** Task directions **
Find the line with "Landyachtz Dipper 36" in the entries below, then output every line from it down to the line with "de PROFESSOR ADILSON", exactly and with no pictures.
---------- Extracted entries
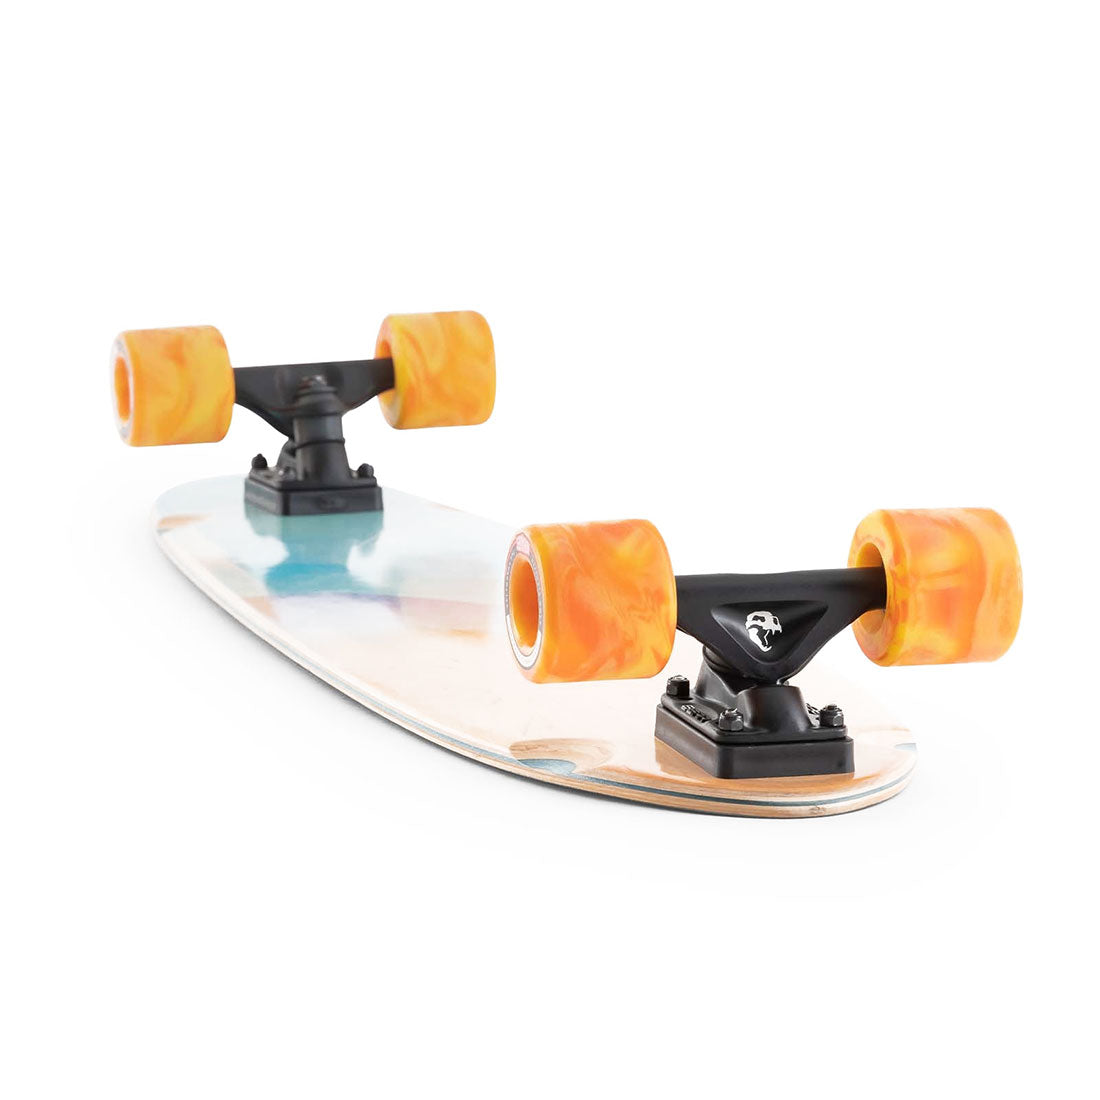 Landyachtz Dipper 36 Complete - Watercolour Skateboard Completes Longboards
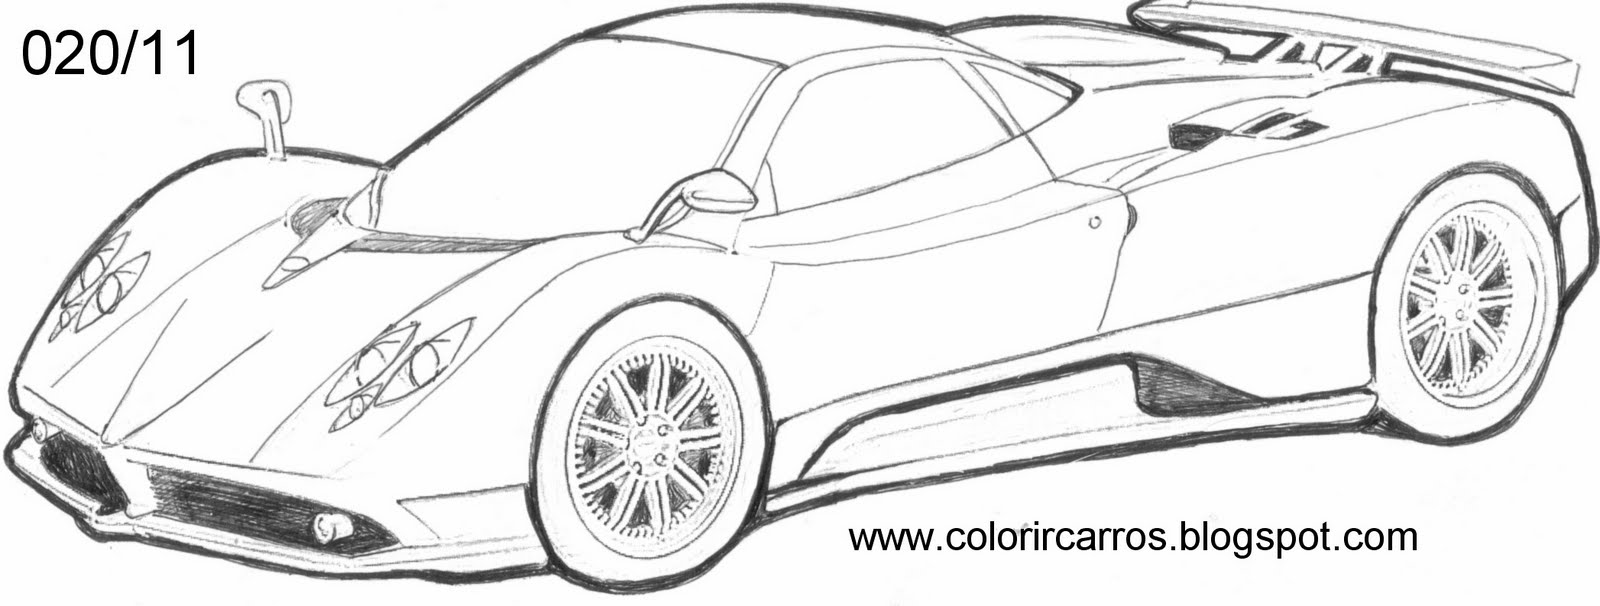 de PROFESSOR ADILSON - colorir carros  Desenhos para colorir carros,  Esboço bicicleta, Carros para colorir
--------------------
---------- Extracted entries
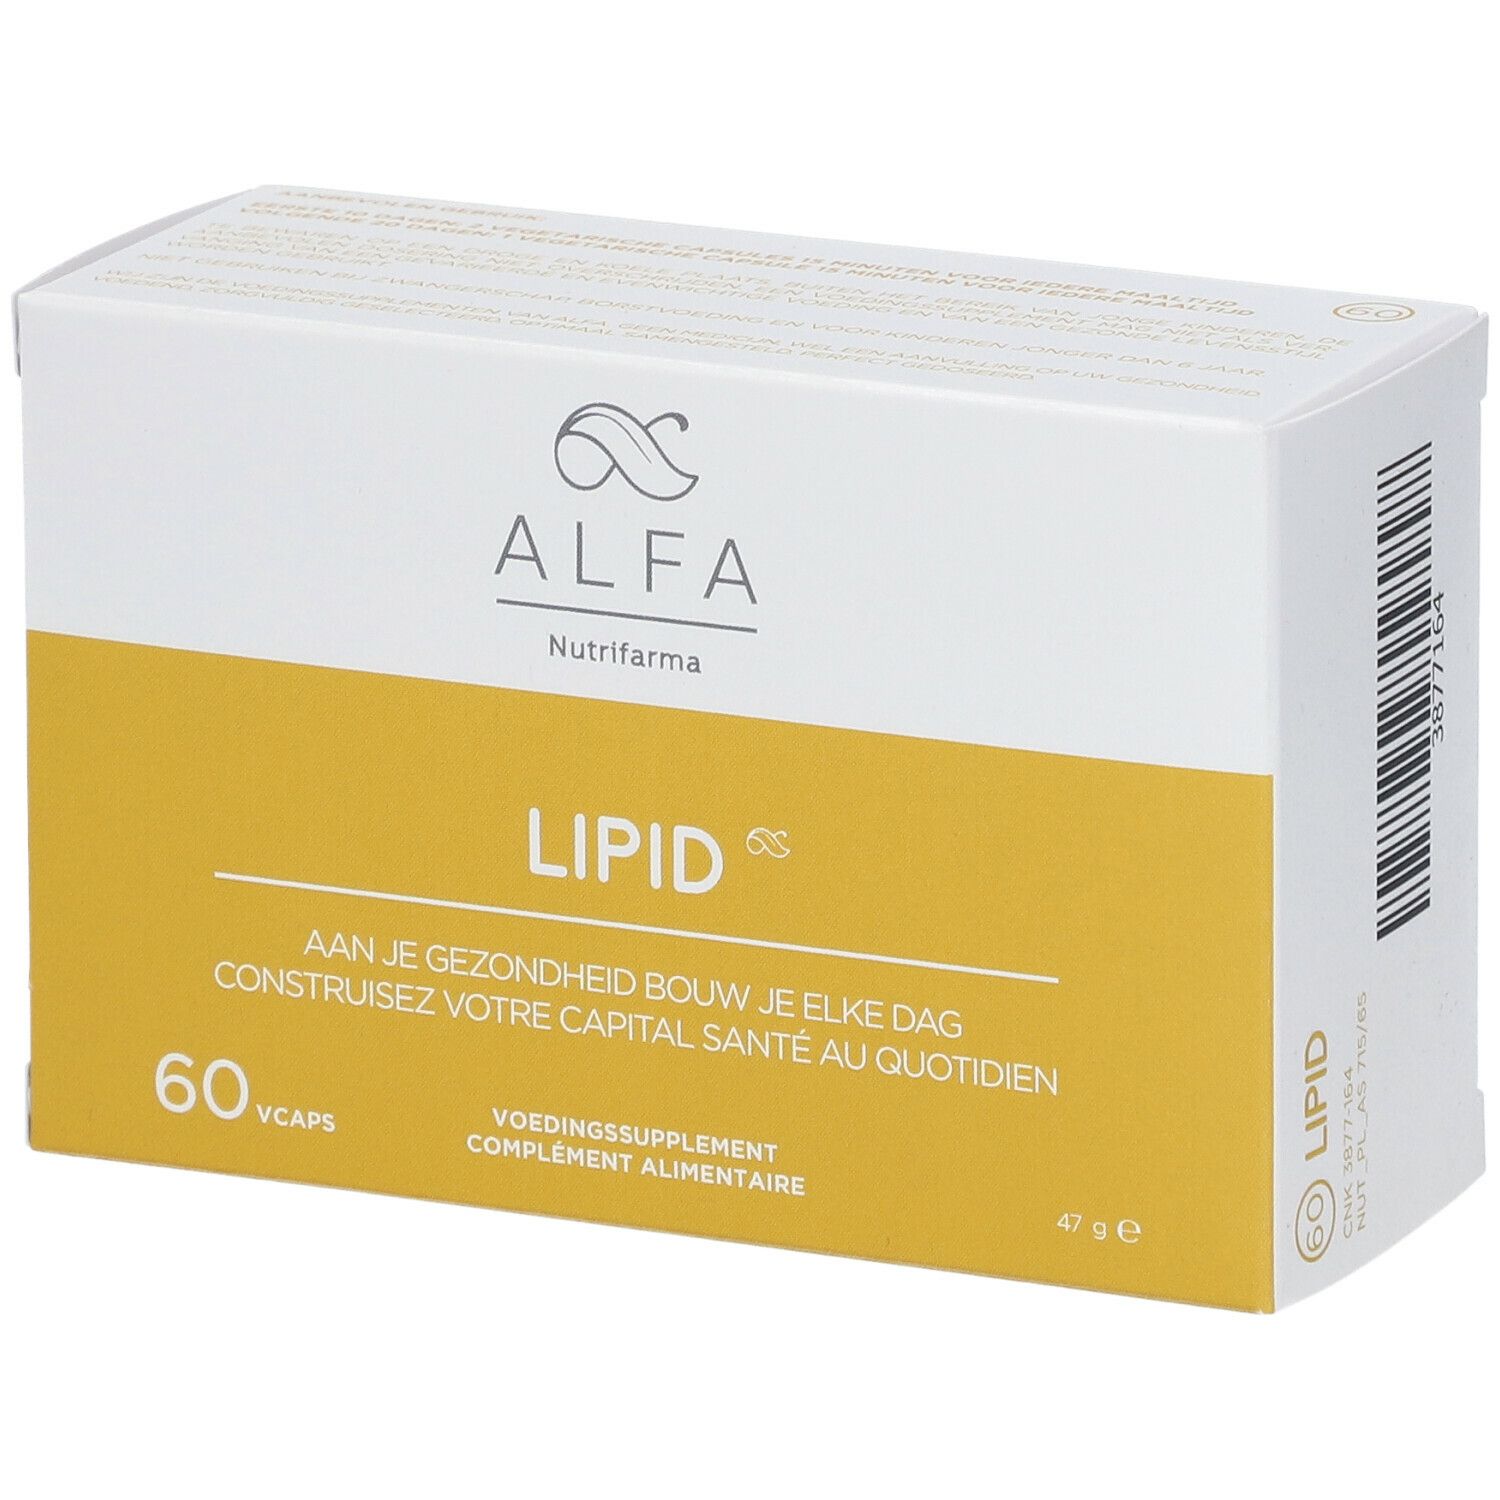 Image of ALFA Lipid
--------------------
** Problem solution **
 Landyachtz Dipper 36 Complete - Watercolour Skateboard Completes Longboards
 de PROFESSOR ADILSON - colorir carros  Desenhos para colorir carros,  Esboço bicicleta, Carros para colorir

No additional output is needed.